Basically they are all about incorrect mapped pages, or missing PSIs.  For this bug, if our above assumption stands, DPDK requested a page translation but it was missing (without correct permission flags set in PTEs).  That sounds quite like the nested problem.

I'll update in this bug again after everything is clear and settled upstream, then we can see whether those fixes can dissolve this bug too.

Peter

Comment 15 Pei Zhang 2018-06-04 02:47:09 UTC
Update:

Tested with kernel[1] applying above patches Peter mentioned and upstream qemu-kvm[2], still hit crash issue. 


[1] git clone  git://git.app.eng.bos.redhat.com/rhel7.git
[2] git clone git://git.qemu.org/qemu.git

Comment 16 Maxime Coquelin 2018-08-10 09:59:11 UTC
*** Bug 1552978 has been marked as a duplicate of this bug. ***

Comment 17 Maxime Coquelin 2019-05-15 08:38:39 UTC
Hi Sitong,

Please ping me when you have time so that we see if we can reproduce this bug with RHEL 7.7.

Thanks,
Maxime

Comment 18 Sitong Liu 2019-05-16 01:31:29 UTC
(In reply to Maxime Coquelin from comment #17)
> Hi Sitong,
> 
> Please ping me when you have time so that we see if we can reproduce this
> bug with RHEL 7.7.
> 
> Thanks,
> Maxime

Hi Maxime,

Thanks for reminder, I will ping you as soon as possible when test env is available.

Thanks,
Sitong

Comment 19 Pei Zhang 2019-06-06 02:11:53 UTC
Hi Maxime,

This issue can not be reproduced with latest rhel7.7 testing.
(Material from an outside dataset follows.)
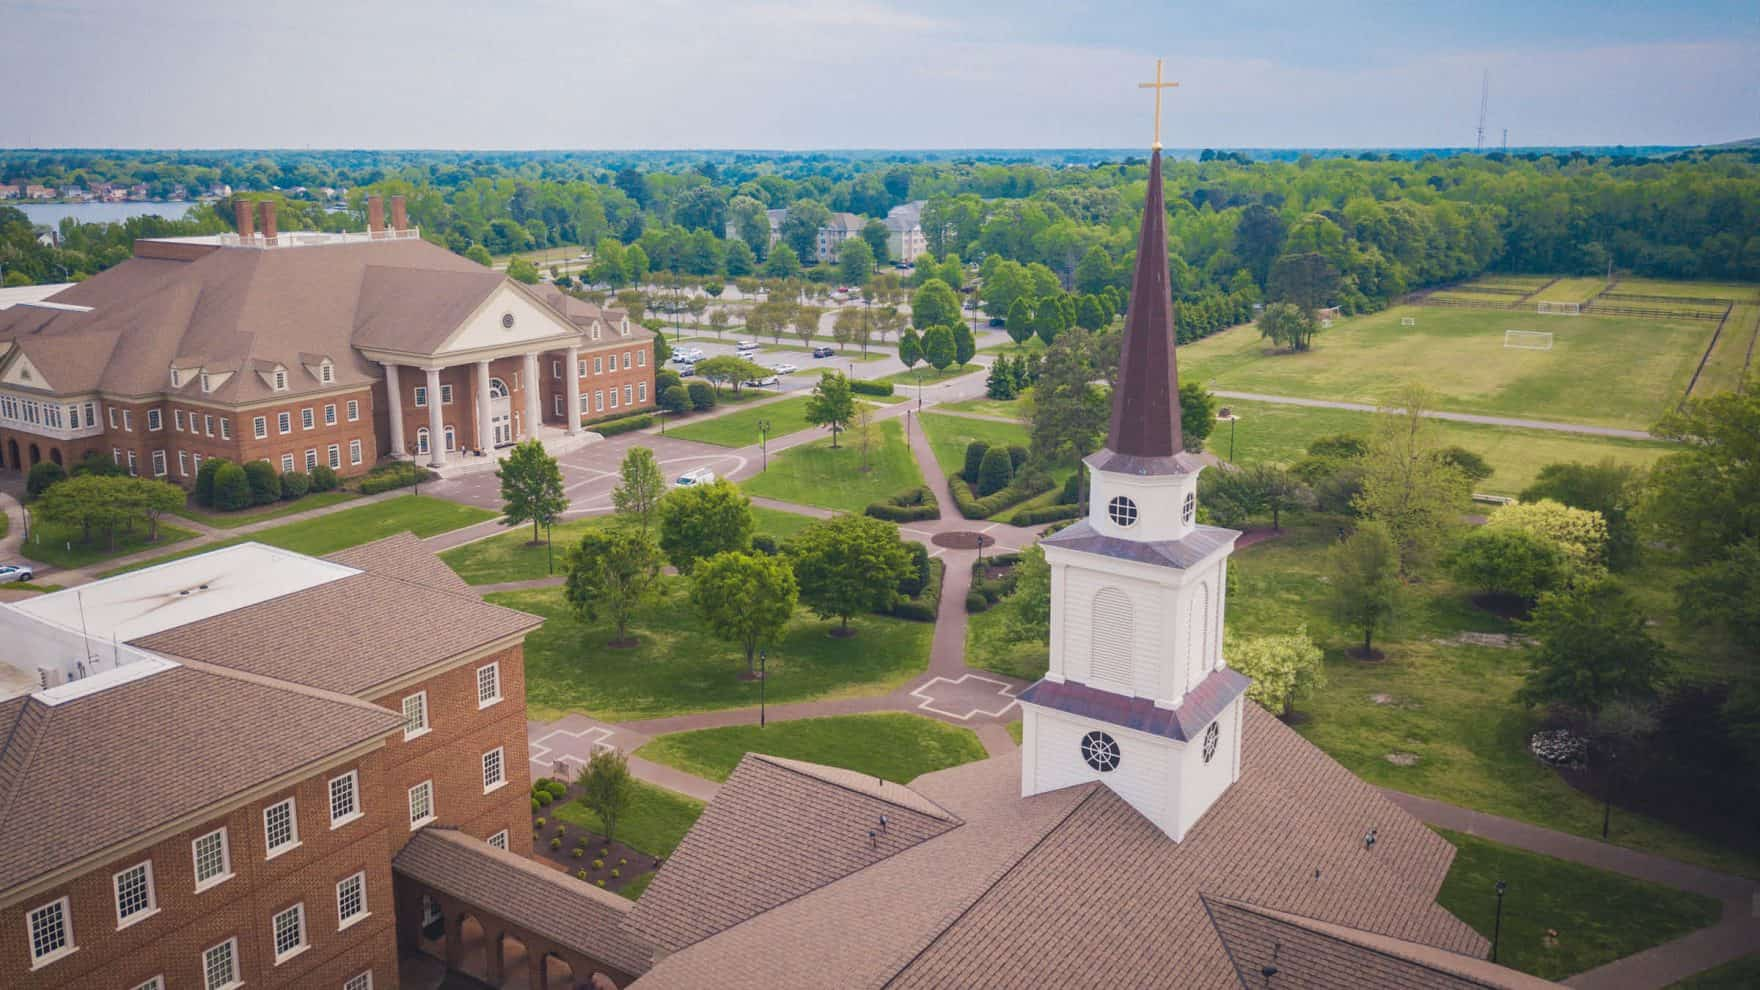 Image of Regent University chapel, $4k homeschool scholarship available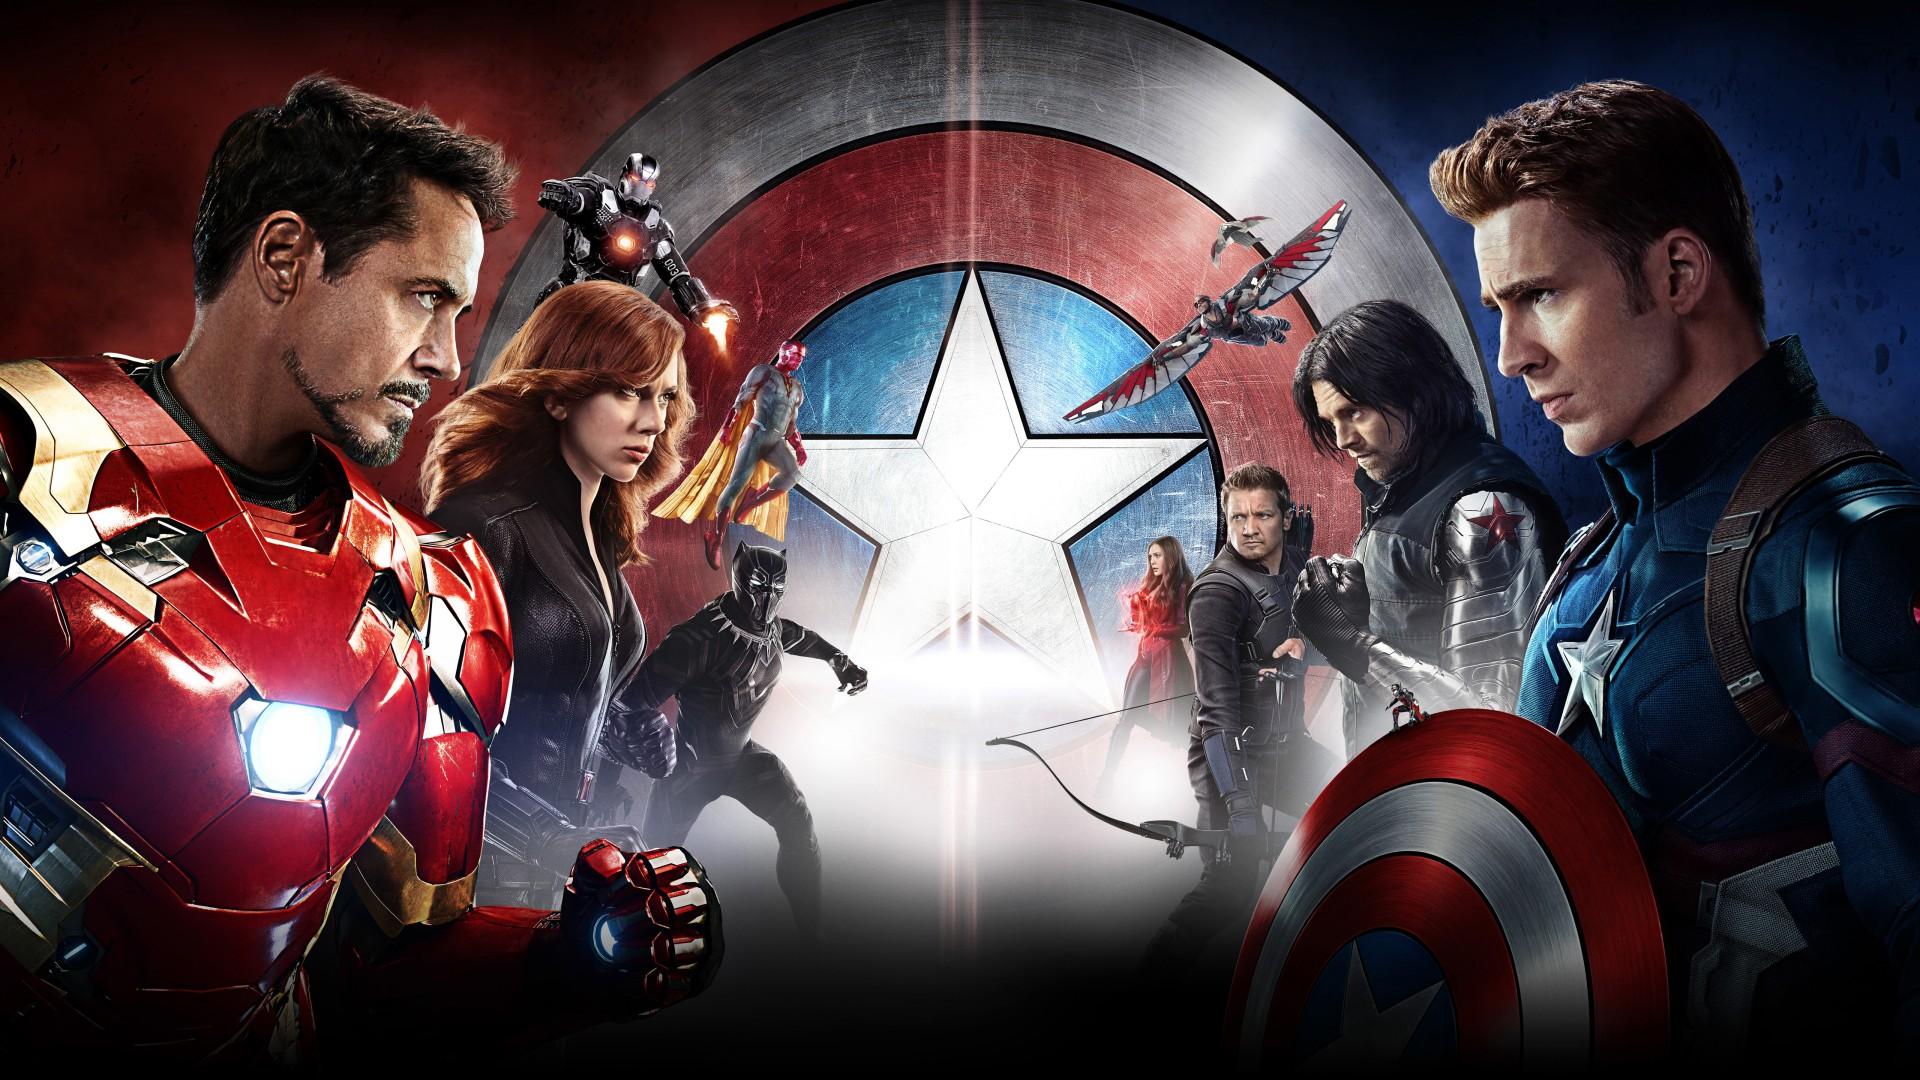 Wallpaper 3d Iphone X Captain America Civil War 5k Hd Wallpapers Hd Wallpapers

We tested 80 times nfv live migration with vIOMMU, including (60 with ovs and 20 with pvp), qemu keeps working well.


Versions:
qemu-kvm-rhev-2.12.0-31.el7.x86_64
3.10.0-1053.el7.x86_64
tuned-2.11.0-4.el7.noarch
openvswitch-2.9.0-106.el7fdp.x86_64
dpdk-18.11-4.el7_6.x86_64


Beaker job:
https://beaker.engineering.redhat.com/recipes/6963760#task94252573


Best regards,
Pei

Comment 20 Pei Zhang 2019-06-12 02:00:08 UTC
In our latest several runs, qemu keeps working well during live migration testing with vIOMMU. So this bug can not be reproduced anymore in rhel7.7.

I would prefer to close it as 'CURRENTRELEASE'.

Maxime, feel free to let me know if you have any concerns. Thanks.